RECORD EXTRACTS section start

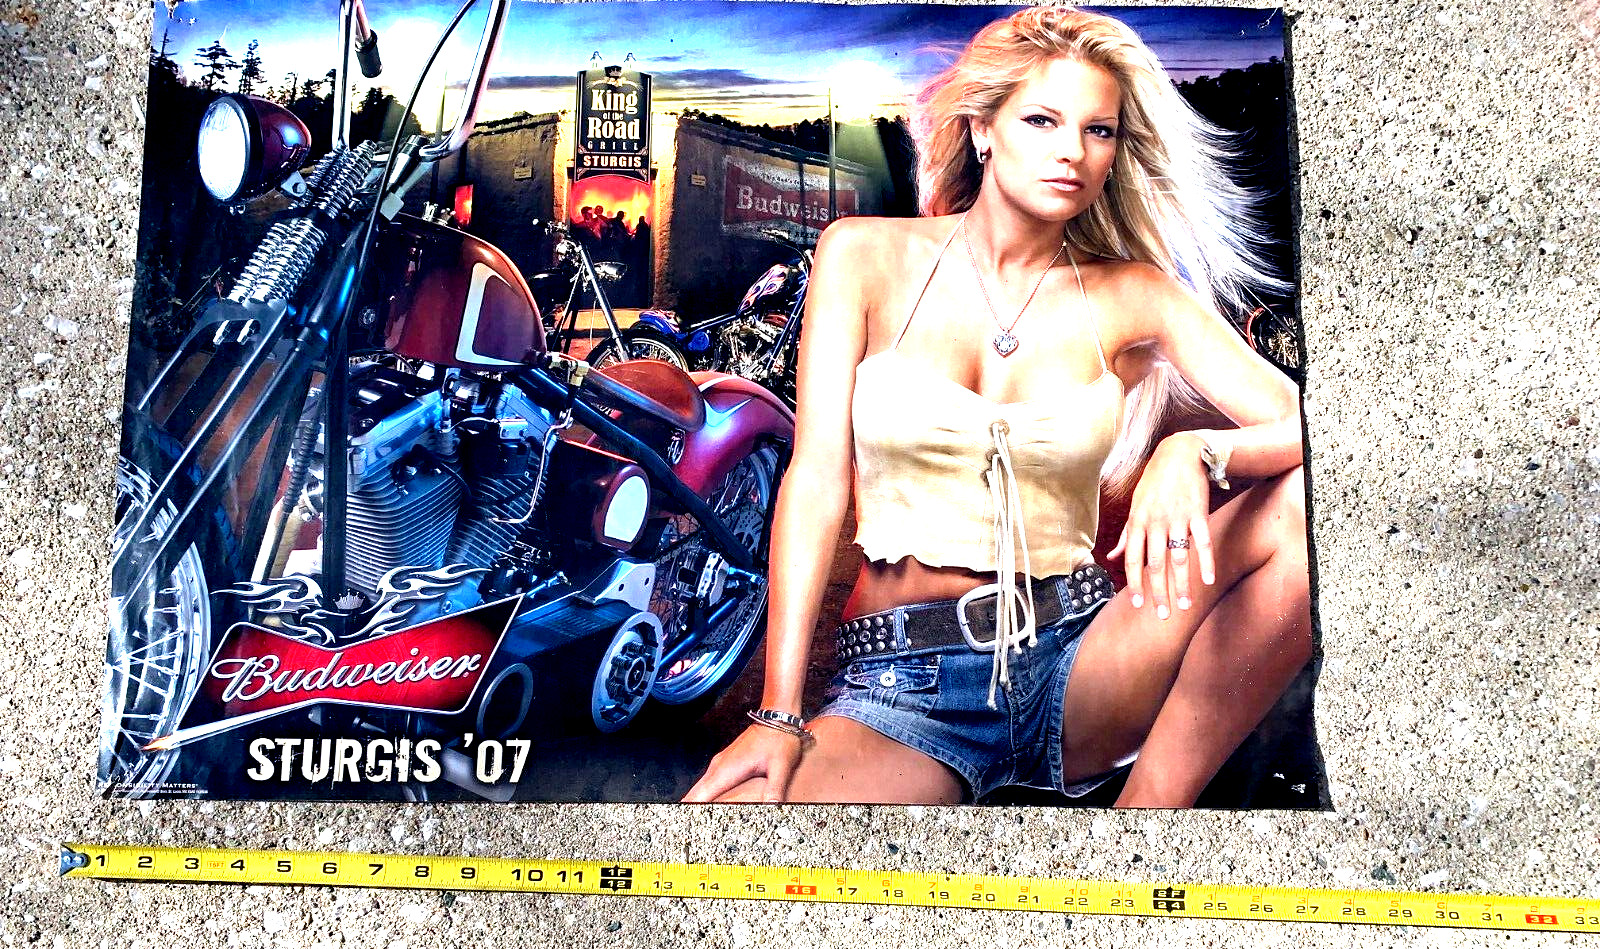 Sturgis Budweiser Beer Biker Poster 2007
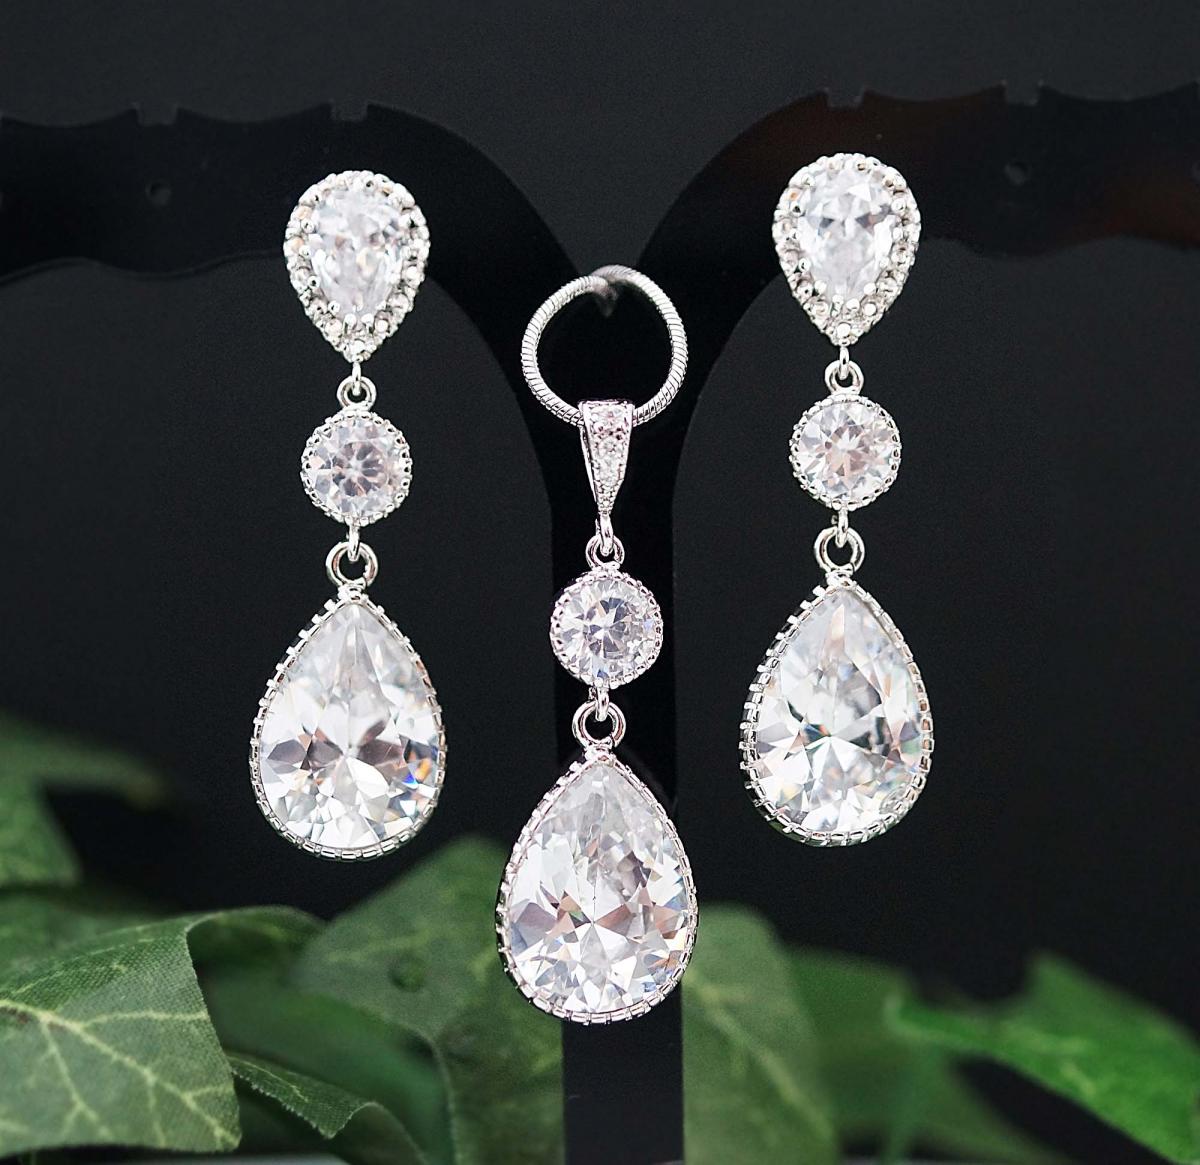 Wedding Bridal Jewelry Bridal Earrings Bridal Earrings Cubic zirconia earrings with clear white cubic zirconia Crystal Tear drops
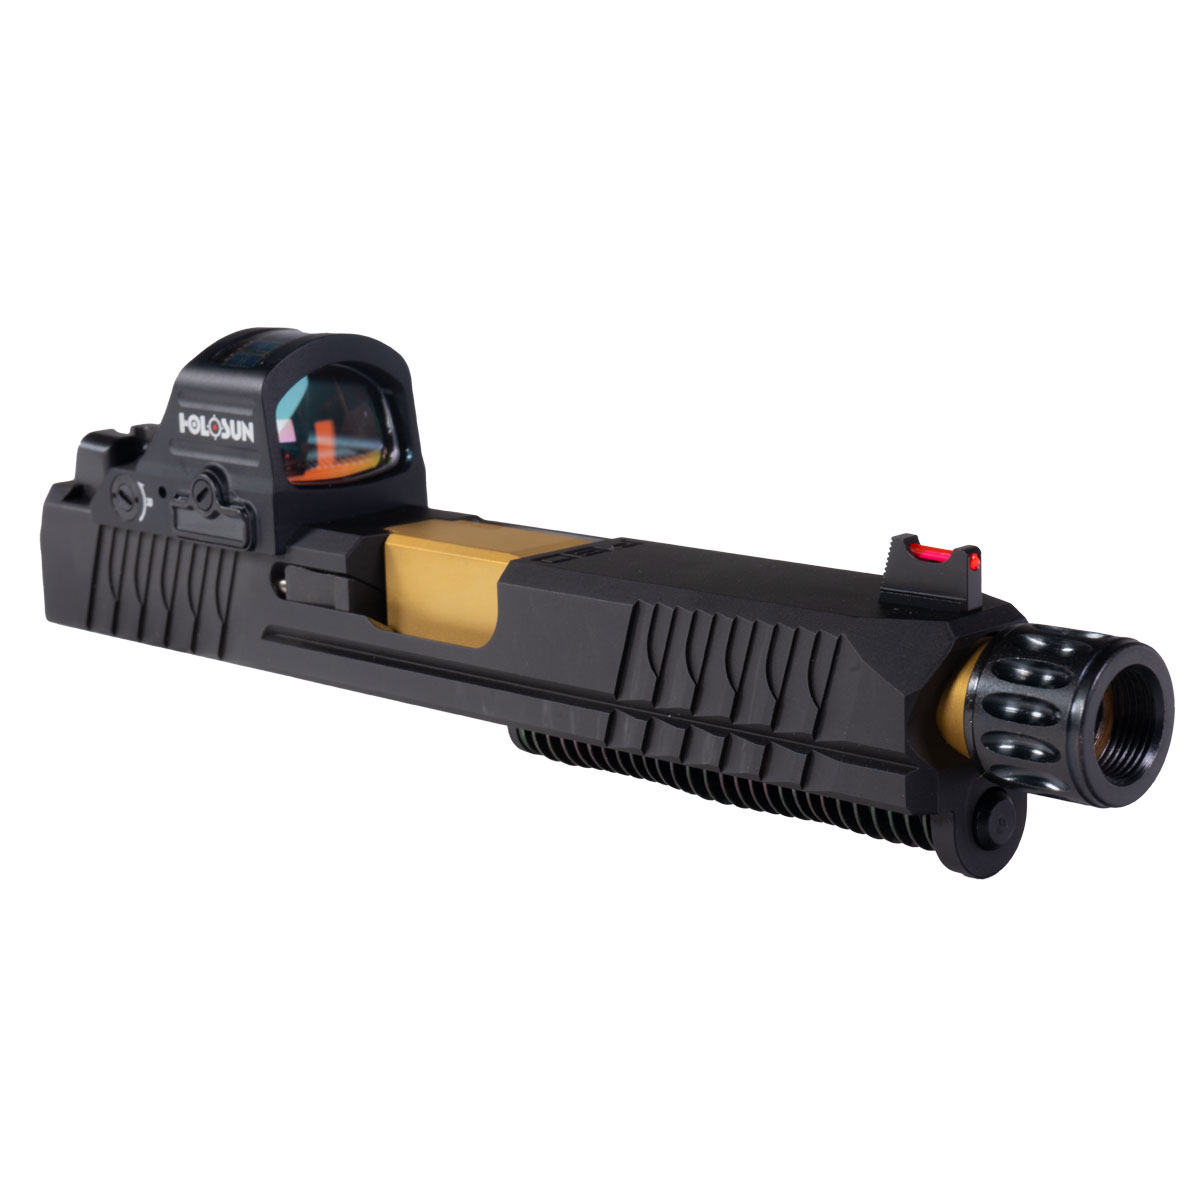 DDS 'Fiat Lux w/ HS507C-X2 Red Dot' 9mm Complete Slide Kit - Glock 19 Gen 1-3 Compatible
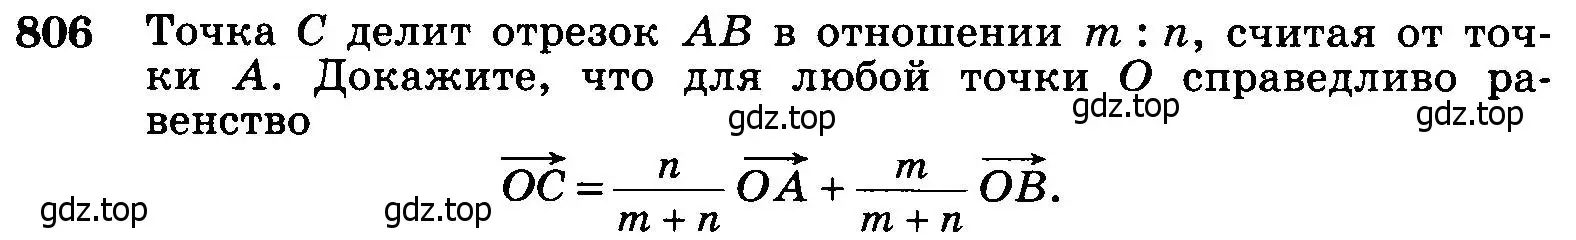 Условие номер 806 (страница 210) гдз по геометрии 7-9 класс Атанасян, Бутузов, учебник
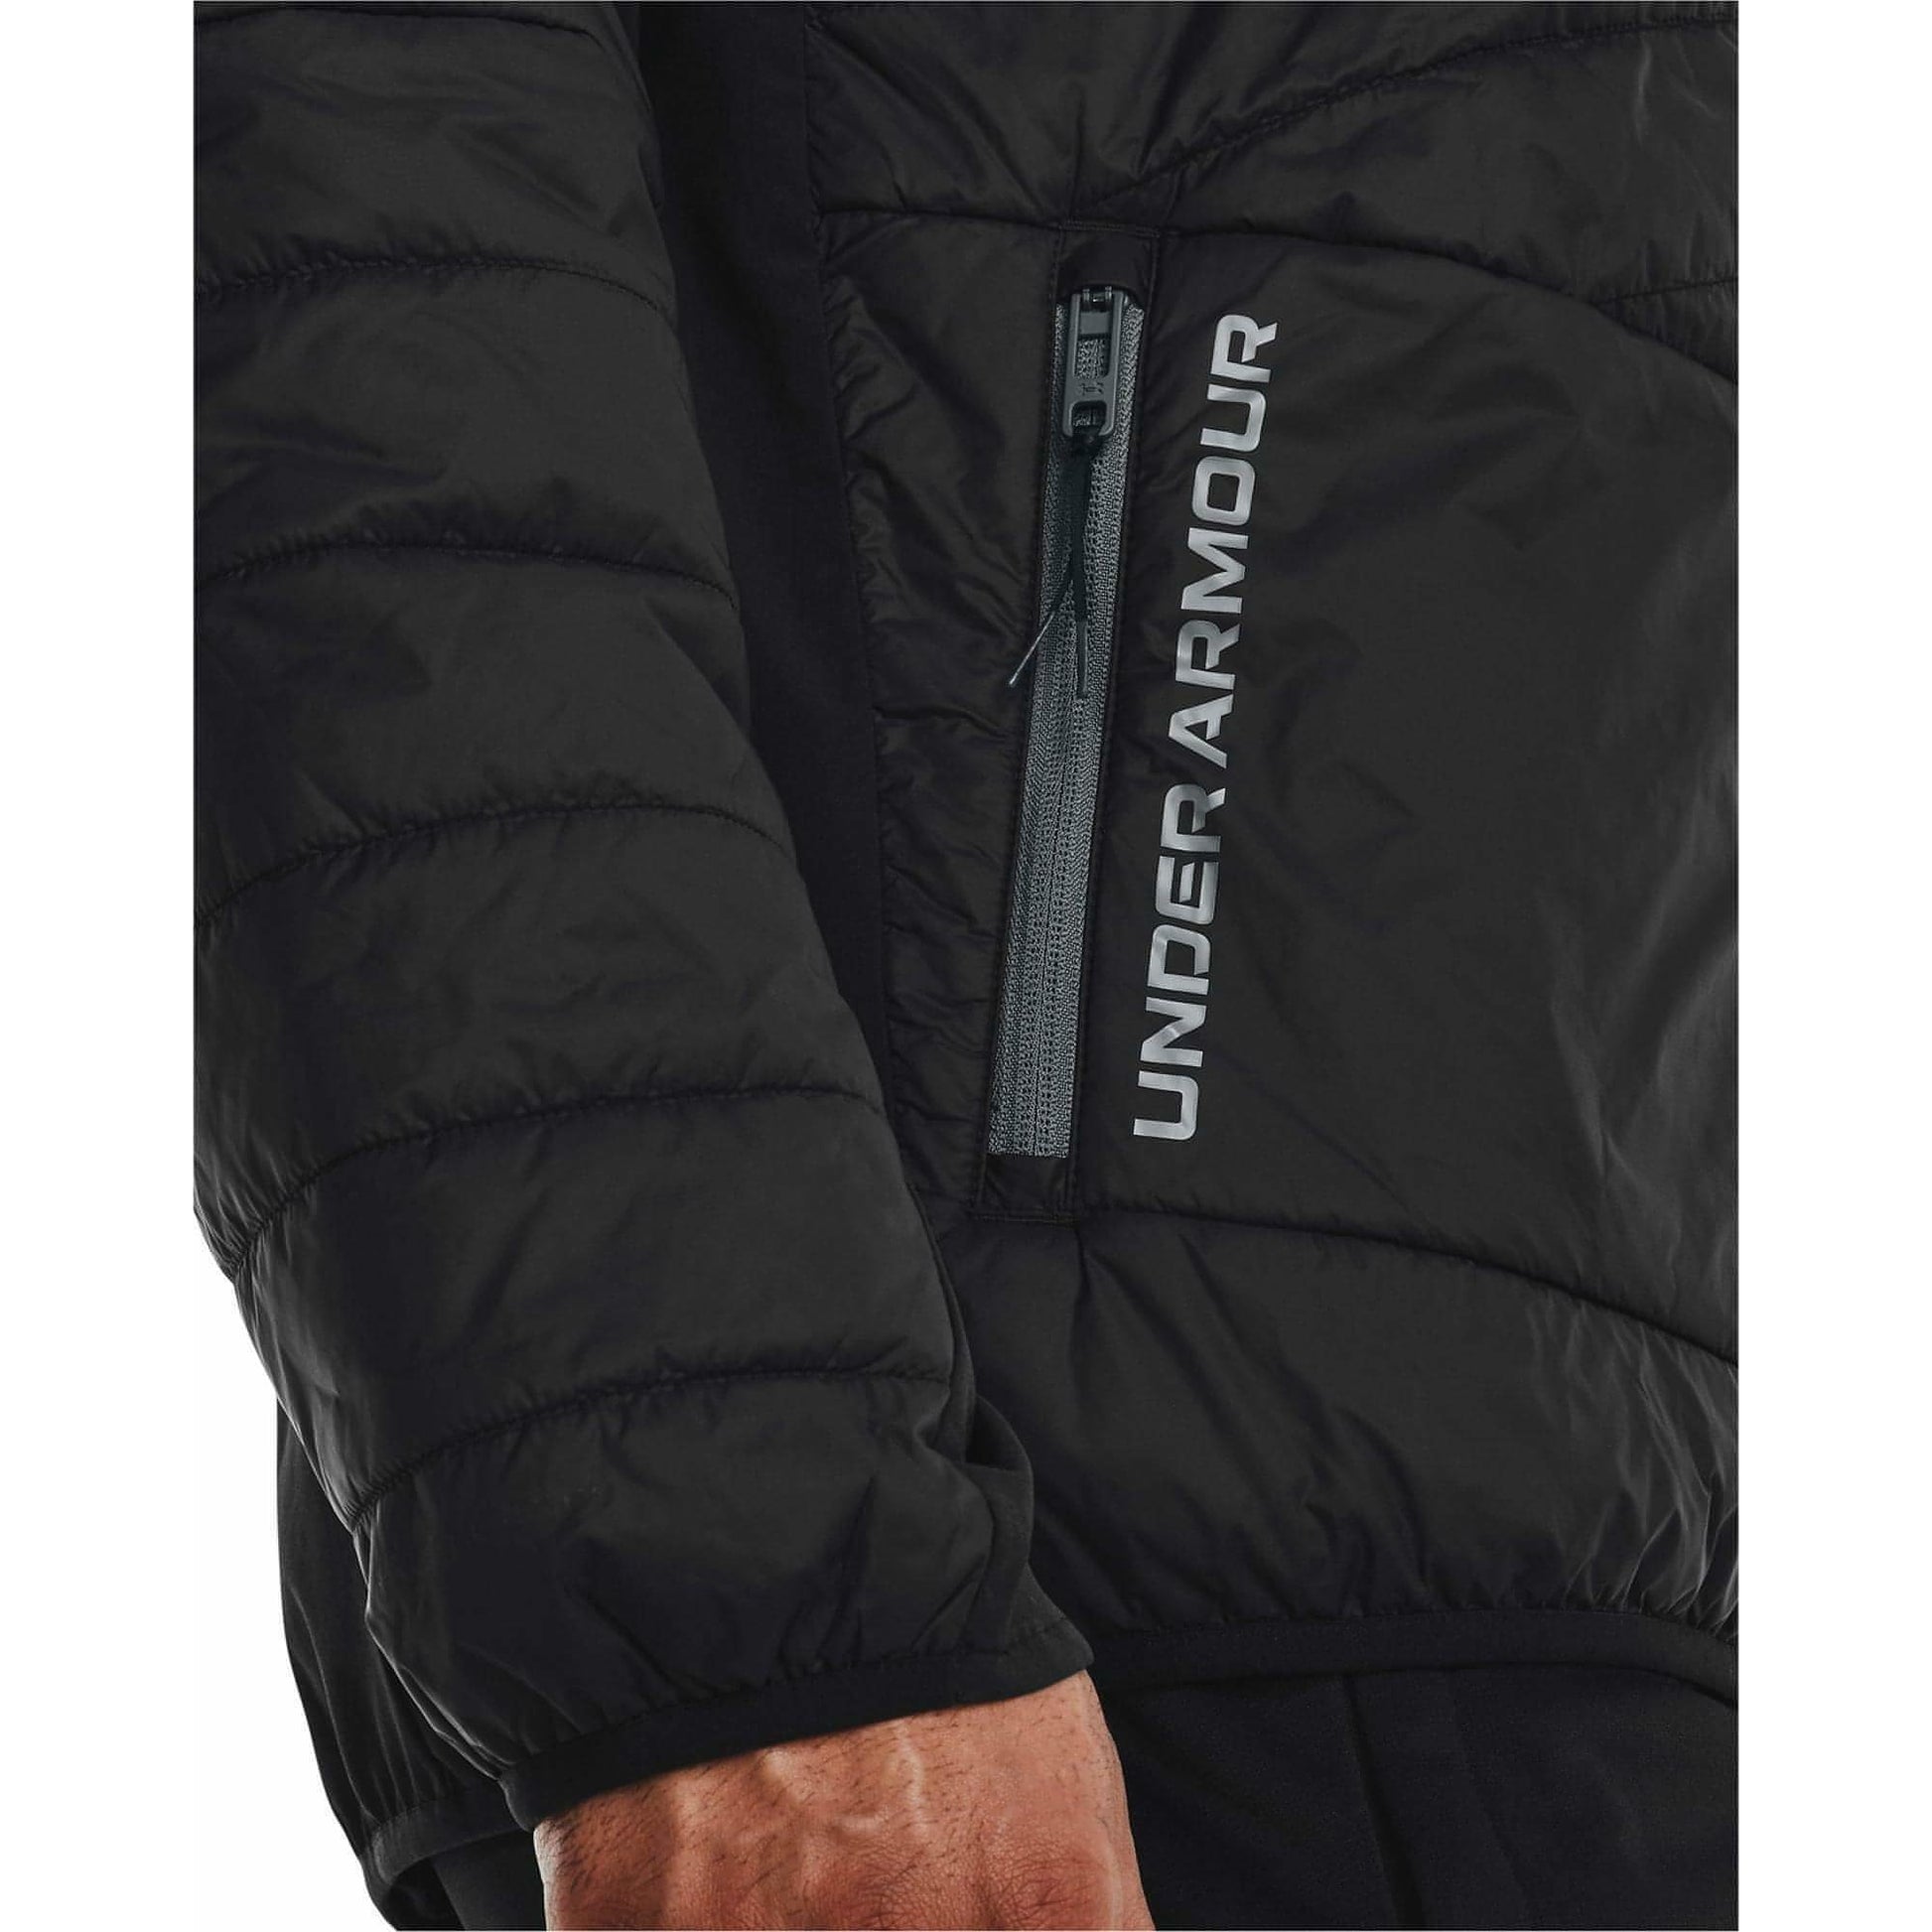 UNDER ARMOUR Women's COLD GEAR REACTOR Insulator Jacket - Black

RECORD EXTRACTS section end

Only lines from the one holding "Условие номер 806" through the last line of the entries above are wanted, both ends included, each retyped exactly; no pictures.

* [RESULT OF THIS TASK]
 Условие номер 806 (страница 210) гдз по геометрии 7-9 класс Атанасян, Бутузов, учебник
 UNDER ARMOUR Women's COLD GEAR REACTOR Insulator Jacket - Black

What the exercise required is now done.